Крик ужаса прокатился по кораблям турецкой эскадры. Никто не знал, жив турецкий адмирал или нет, но сам факт падения его знамени в морские волны стал предвестником надвигающейся катастрофы. С этого момента каждый корабль вел самостоятельную борьбу с русским флотом, а каждый капитан был предоставлен самому себе и принимал решения исходя из собственной оценки обстановки.

Турецкий флот был потрясен несчастьем с «Аунни-Аллах», борта которого все сильнее и сильнее охватывали языки пламени разгорающегося пожара. Однако ни о какой панике в этот момент говорить не приходилось. Подобно хищникам, загнанным в угол и прижатым к стене, турецкие корабли оказывали яростное сопротивление, стремясь подороже продать врагу свои жизни.

Именно в этот момент одно из вражеских ядер угодило в деревянное ограждение на шканцах и пронеслось в нескольких сантиметрах от Нахимова, обдав русского адмирала градом щепок. Угроза жизни адмирала была страшной, но он ничуть не изменился, заглянув в глаза смерти. Продолжая наблюдать за боем, он только недовольно стряхнул впившуюся в рукав щепку и произнес: «Однако!», вкладывая в это слово массу всевозможных оттенков.

– Молодцы на «Константине», как треплют «Навек-Бахри», любо-дорого смотреть! – адмирал в восторге ткнул трубой в сторону вражеского фрегата, который в этот момент взорвался, получив прямое попадание в пороховой погреб.

– Виват, Истомин! А что наши канониры? – Павел Степанович с азартом посмотрел на турецкий флагман, но тот продолжал упрямо цепляться за жизнь. Лишившись мачты, объятый пожаром, он покинул свое место в бою и выбросился на берег.

Едва только борт корабля врезался в песок, как его команда дружно обратилась в бегство. Вместе с матросами флагман в спешке покинули и офицеры, бросив на произвол судьбы раненого Осман-пашу.

Словно пытаясь реабилитироваться перед любимым адмиралом, канониры «Марии» обрушились на «Фазли-Аллах», на котором уже после первого залпа были сбиты многие паруса и возник пожар.

– Да это наш бывший «Рафаил»! – воскликнул Нахимов, указывая на «Фазли-Аллах». – Бейте его, ребята, изменника! Такие корабли в плен не брать! Нам трусы не нужны!

И выполняя наказ командира, пушкари флагмана за считаные минуты вычеркнули фрегат «Фазли-Аллах» из состава турецкого флота. Объятый пламенем, он погрузился на мелководье и к концу дня сгорел дотла.

Такая же участь постигла и другие корабли османского правителя. «Великий князь Константин» и «Париж» метким огнем уничтожили несколько фрегатов и корветов противника. Все они или погибли от взрывов пороховых погребов, или выбросились на берег, спасая свои драгоценные жизни.
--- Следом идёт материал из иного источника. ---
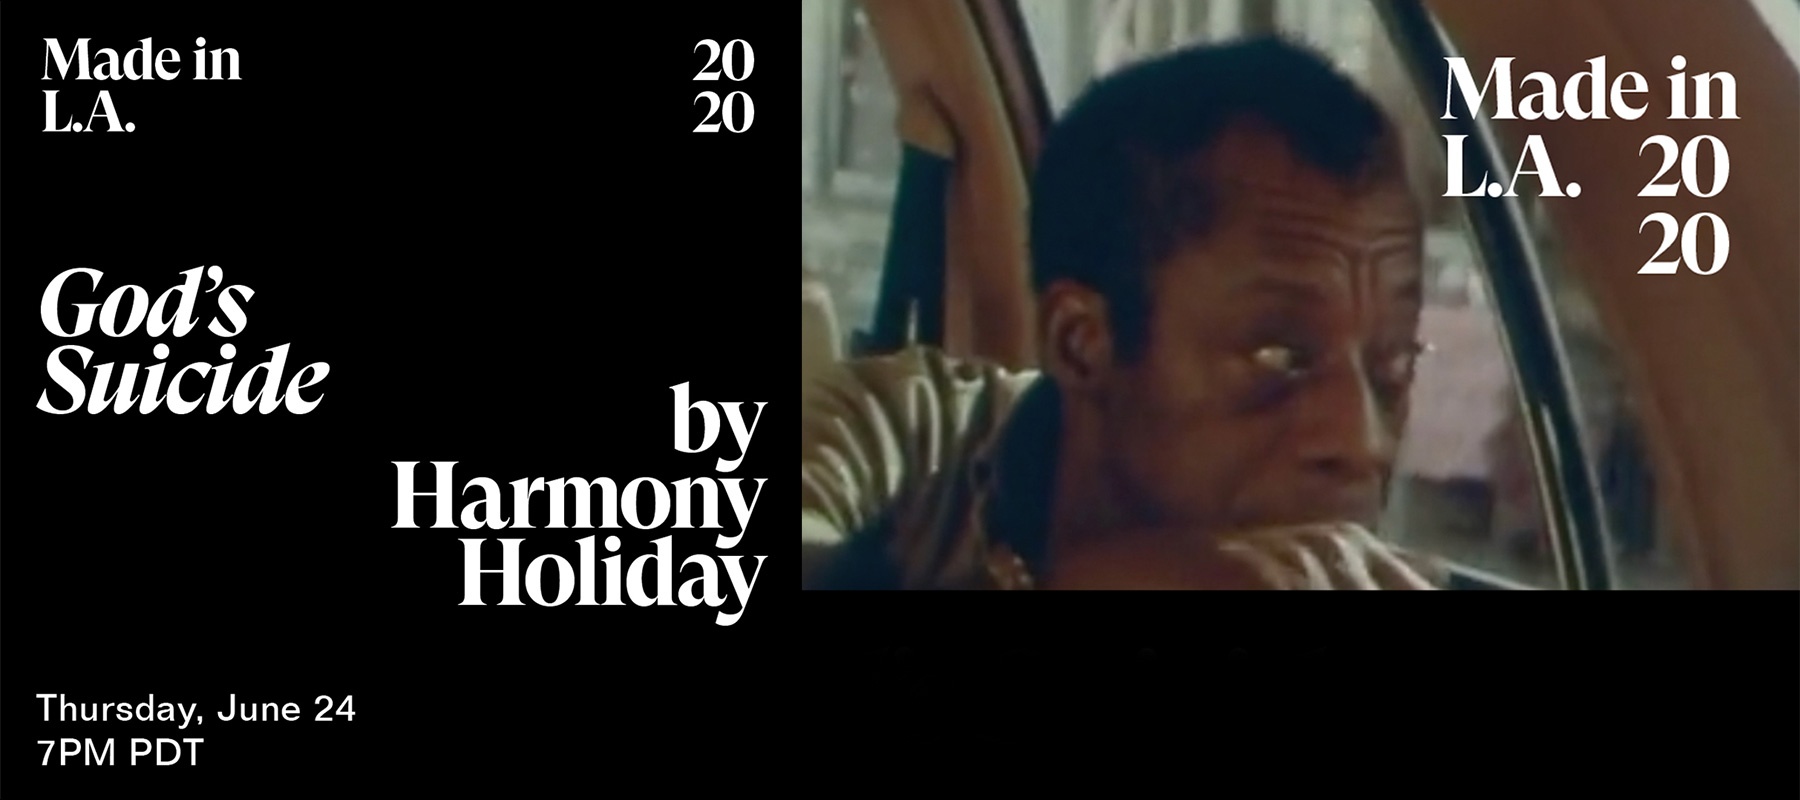 harmony-holiday-gods-suicide-rotator

Оставшиеся линейные корабли «Чесма», «Ростислав» и «Три святителя» вели борьбу с береговыми батареями противника. Имея значительный орудийный перевес над противником, русские корабли медленно, но верно привели их к полному молчанию.

Когда к Синопской битве подошел отряд пароходофрегатов под командованием вице-адмирала Корнилова, сражение уже было выиграно. На их долю досталась лишь борьба с двумя береговыми батареями, которые они быстро уничтожили огнем своих орудий.

Не остались без дела и два фрегата «Кагул» и «Кулевчи», которые на протяжении всего боя готовились отразить нападение турецких пароходов на корабли черноморцев. Несмотря на преимущество неприятеля в скорости, они были готовы закрыть собой путь врагу, но этого не понадобилось. Британский капитан «Таифа» предпочел скорее бежать с поля боя, чем попытаться нанести урон русским кораблям благодаря быстрому ходу своего судна.

Второй турецкий пароход «Эркиле» попытался прорваться вслед за «храбрым» Слейтоном, но был потоплен огнем русских фрегатов.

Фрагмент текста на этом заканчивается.